- Citizenship: Canadian
- Awards: Faculty of Arts Research Excellence Award, University of Alberta (2017)

Academic background
- Alma mater: University of British Columbia (BA, MA); McGill University (PhD);

Academic work
- Discipline: Linguist
- Sub-discipline: Language acquisition; Bilingual language development;
- Institutions: University of Alberta

= Johanne Paradis =

Language scientist

Johanne Catherine Paradis is a language scientist and expert on bilingual language development. She is Professor of Linguistics and adjunct professor of Communication Sciences and Disorders at the University of Alberta, where she directs the Language Acquisition Lab and the Child English Second Language (CHESL) Center.

Paradis is the Editor in Chief of the Journal of Child Language and has served on the editorial board of the Journal of Speech, Language, and Hearing Research. She co-authored (with Fred Genesee and Martha Crago) the book Dual Language Development & Disorders: A Handbook on Bilingualism & Second Language Learning. Additionally, she served as editor of the volume Input and Experience in Bilingual Development and co-editor of The Acquisition of French in Different Contexts: Focus on Functional Categories.
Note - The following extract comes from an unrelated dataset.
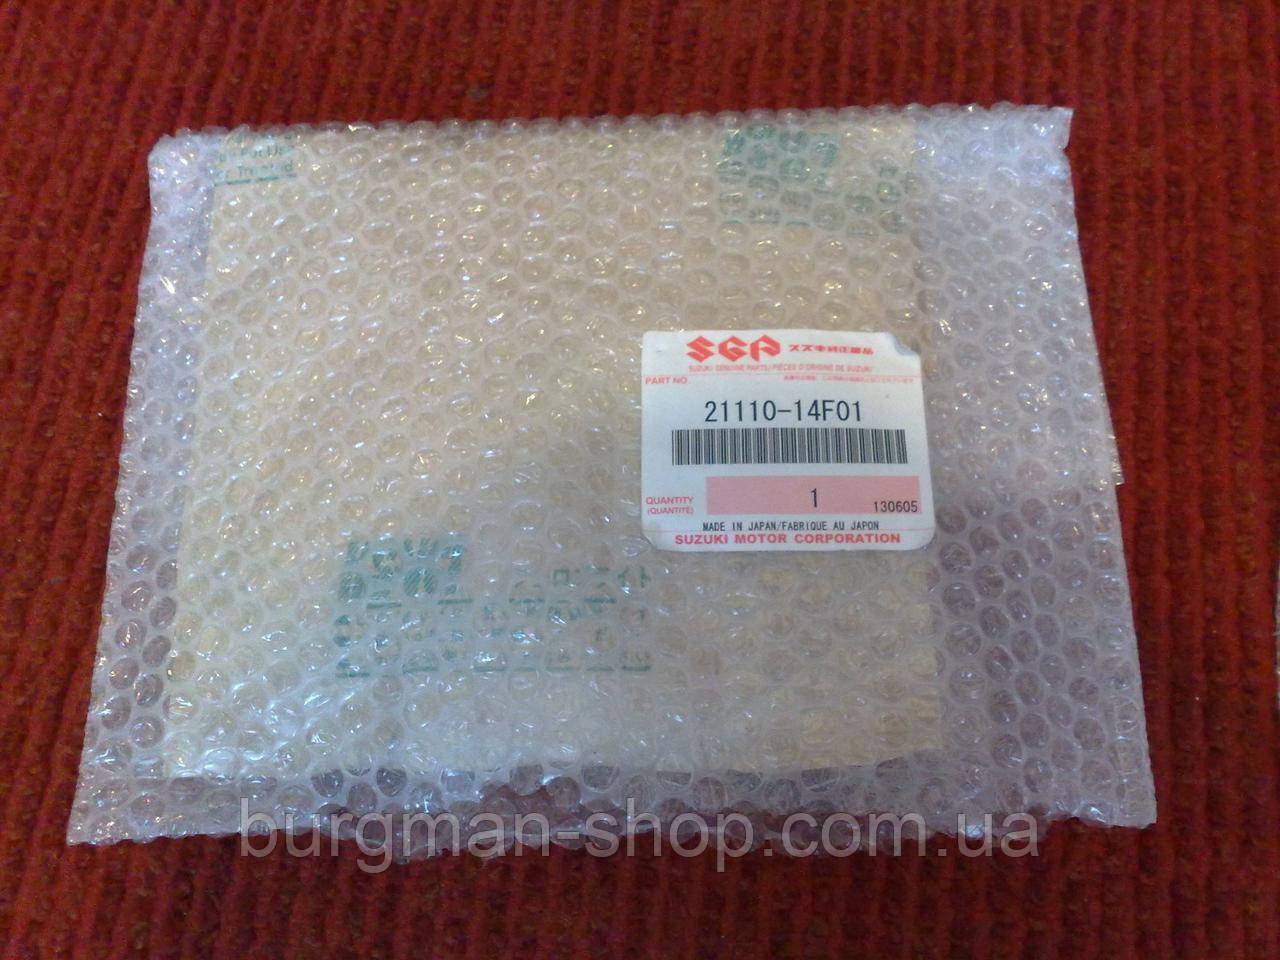 Крыльчатка вариатора 200сс 07-10г / 250сс 98-06г Suzuki Burgman 21110-14F01

Paradis was awarded the 2017 Faculty of Arts Research Excellence Award by the University of Alberta in recognition of her outstanding contributions to research.

== Biography ==
Paradis studied linguistics at the University of British Columbia, where she completed her BA in 1986 and her MA in 1988. She continued her education at McGill University, where she obtained her doctorate in psychology in 1997 under the supervision of Fred Genesee. Her dissertation was titled Functional Categories and the Grammatical Development of Bilingual and Second Language Children.

After completing a post-doctoral fellowship, supported by the Social Science and Humanities Research Council of Canada, Paradis joined the Faculty of Linguistics at the University of Alberta in 2000 and was promoted to full professor in 2011. Her research program has been funded through grants from Alberta Innovates Health Solutions, the Alberta Centre for Child, Family and Community Research, the Canadian Language and Literacy Research Network, and the Social Sciences and Humanities Research Council of Canada.

== Research ==
Paradis's research program explores theoretical and applied aspects of bilingualism, second language acquisition, and heritage language acquisition in children and pre-teens. Some of her recent projects examine age effects in child second language acquisition, bilingual development in children with Autism Spectrum Disorder (ASD) from immigrant families, and language and literacy development of Syrian Refugee children.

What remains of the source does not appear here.